## Required action:
Beginning with the line that contains "Dusty Pink High", retype the entries below exactly, ending with the line that contains "160+/- Total Acres". Leave out any pictures.

## Materials provided:

────────

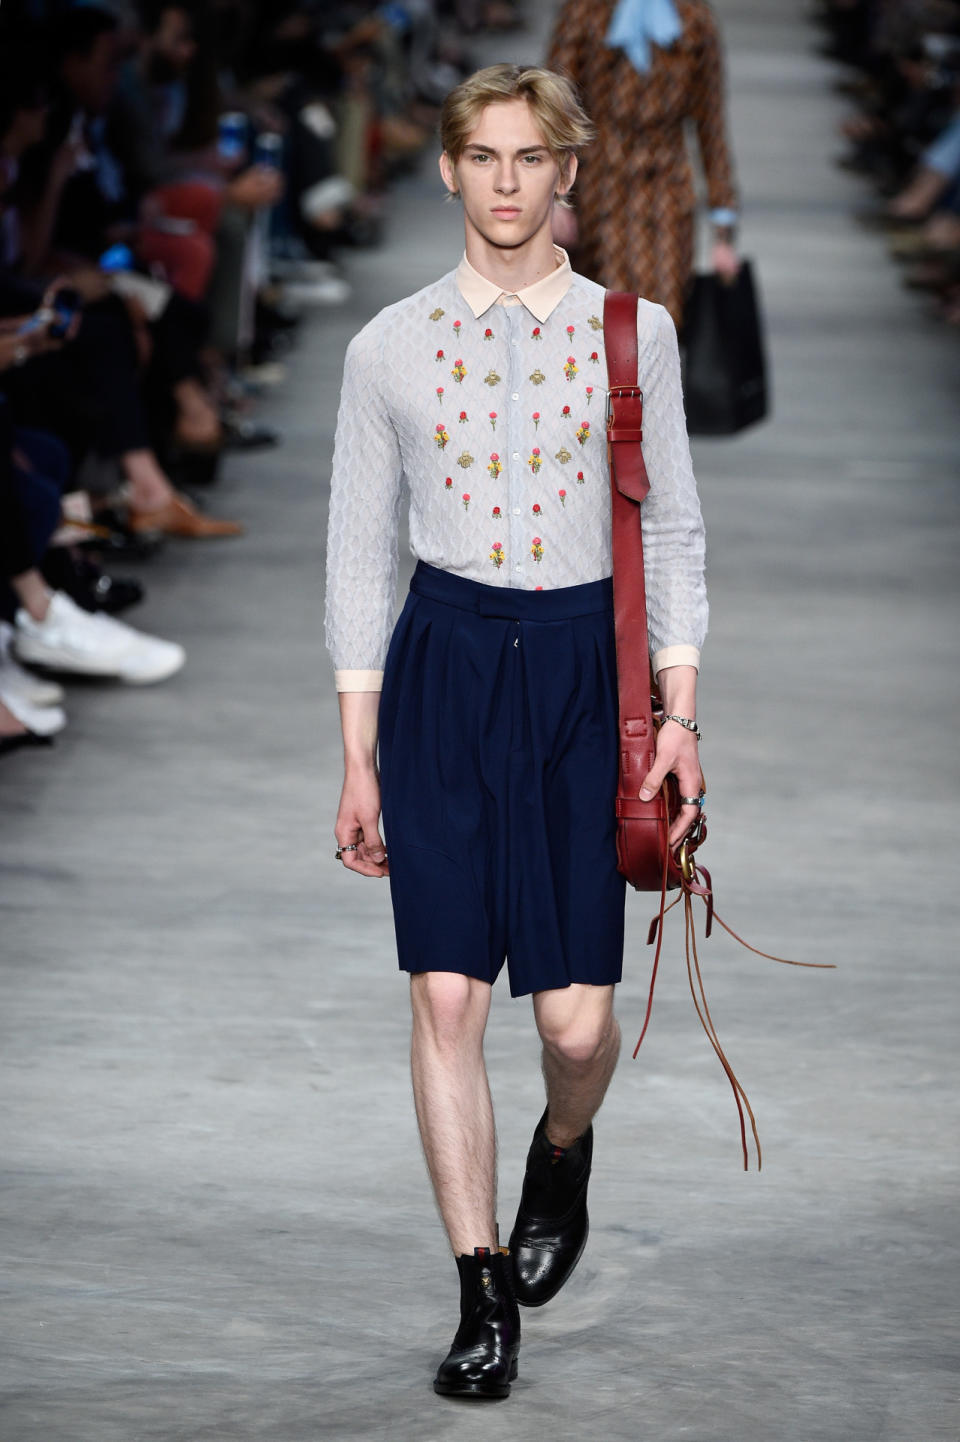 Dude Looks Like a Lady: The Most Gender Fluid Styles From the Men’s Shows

────────

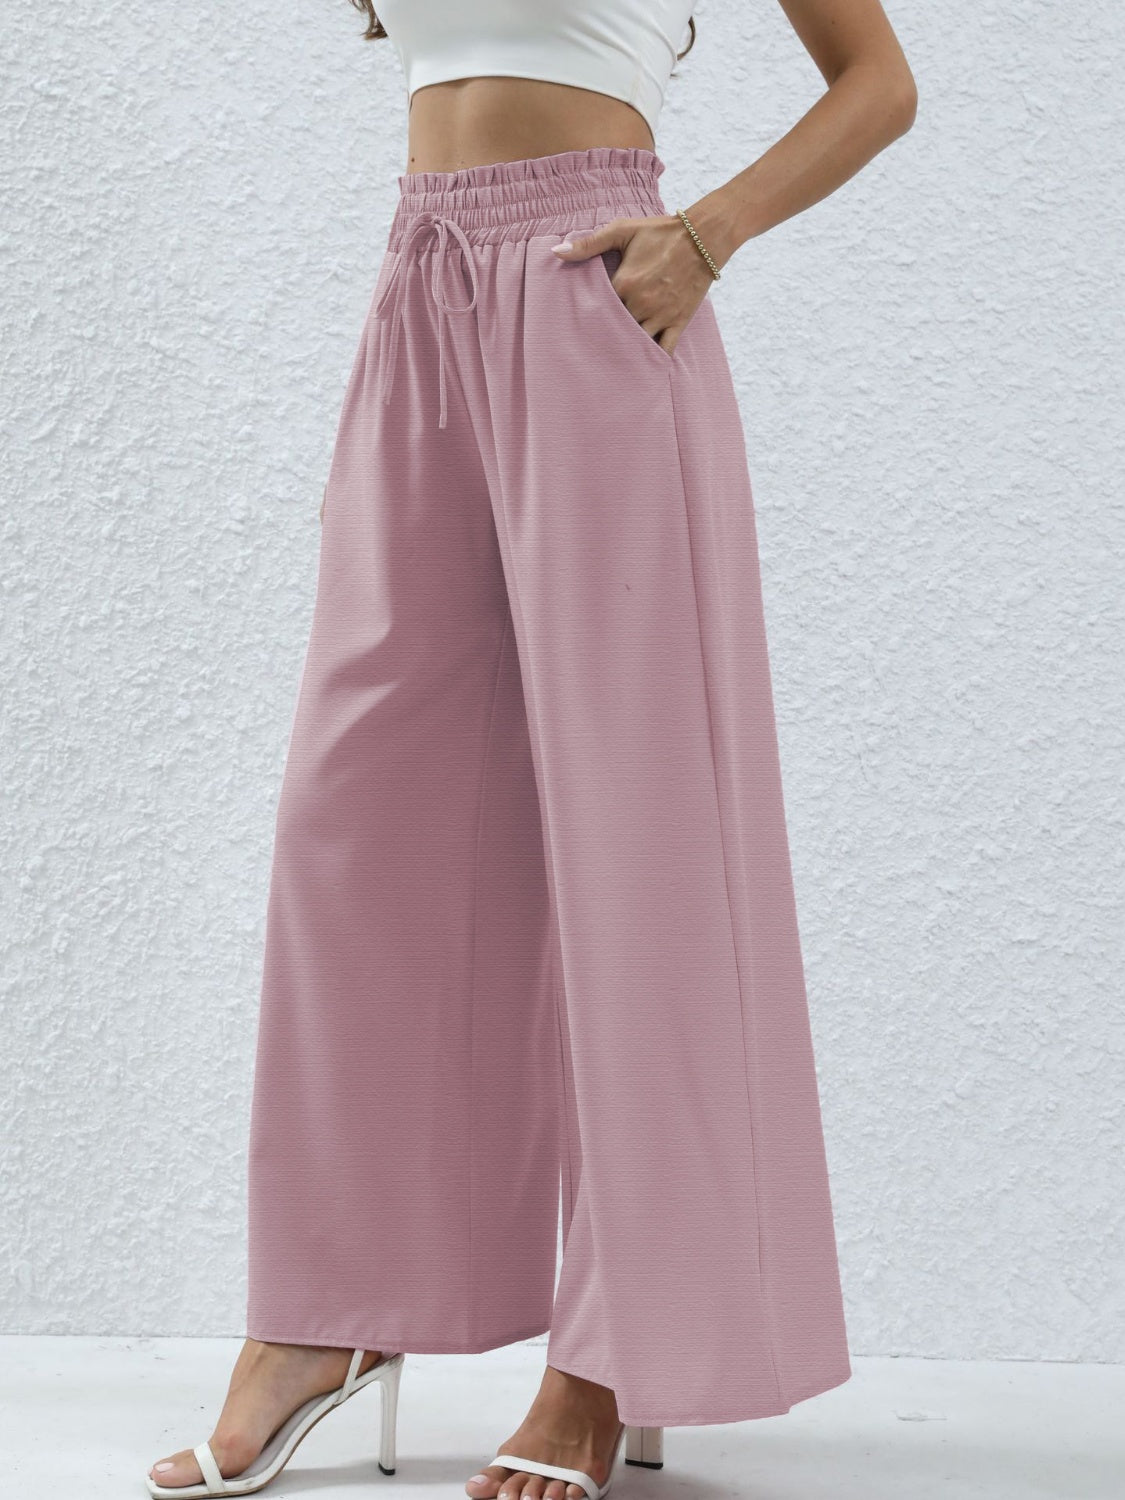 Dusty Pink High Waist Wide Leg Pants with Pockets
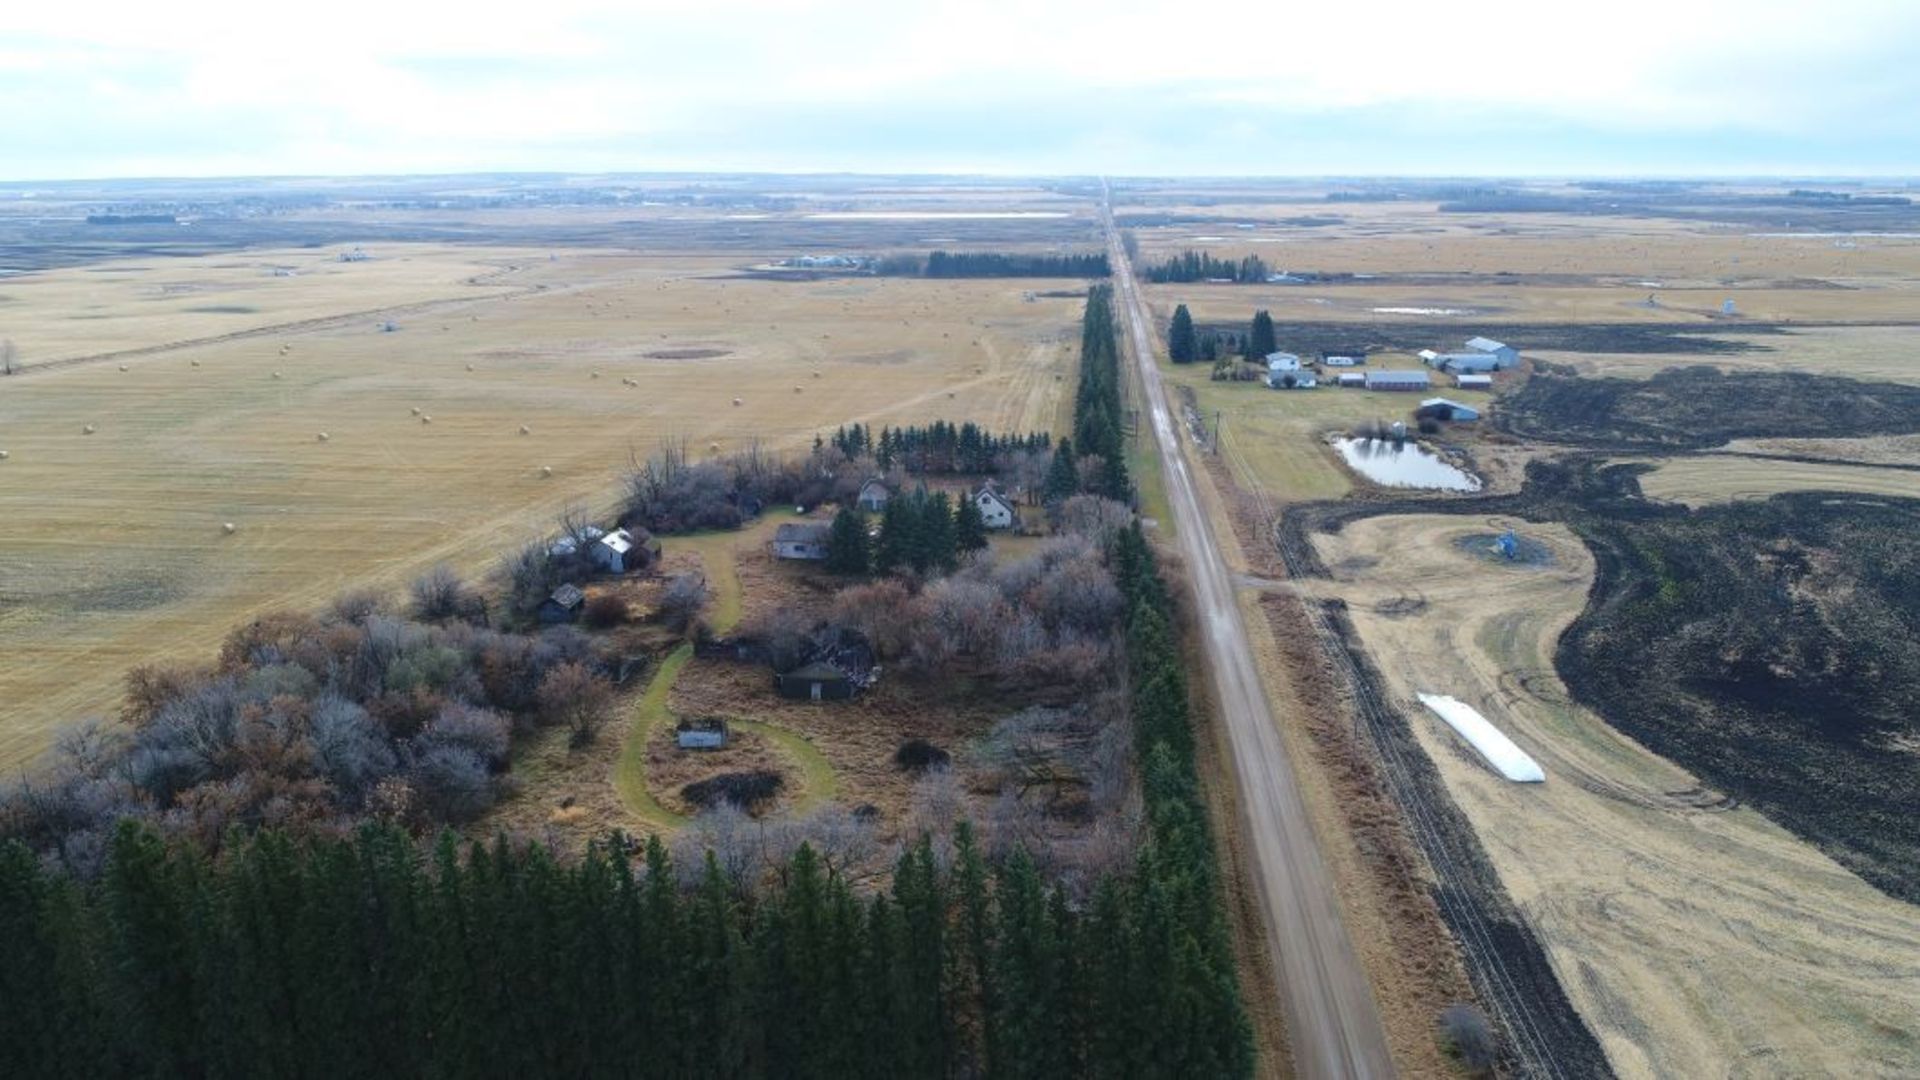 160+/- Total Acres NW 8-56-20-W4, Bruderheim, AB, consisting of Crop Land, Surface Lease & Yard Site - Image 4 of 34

────────

## Solved exercise:
 Dusty Pink High Waist Wide Leg Pants with Pockets
 160+/- Total Acres NW 8-56-20-W4, Bruderheim, AB, consisting of Crop Land, Surface Lease & Yard Site - Image 4 of 34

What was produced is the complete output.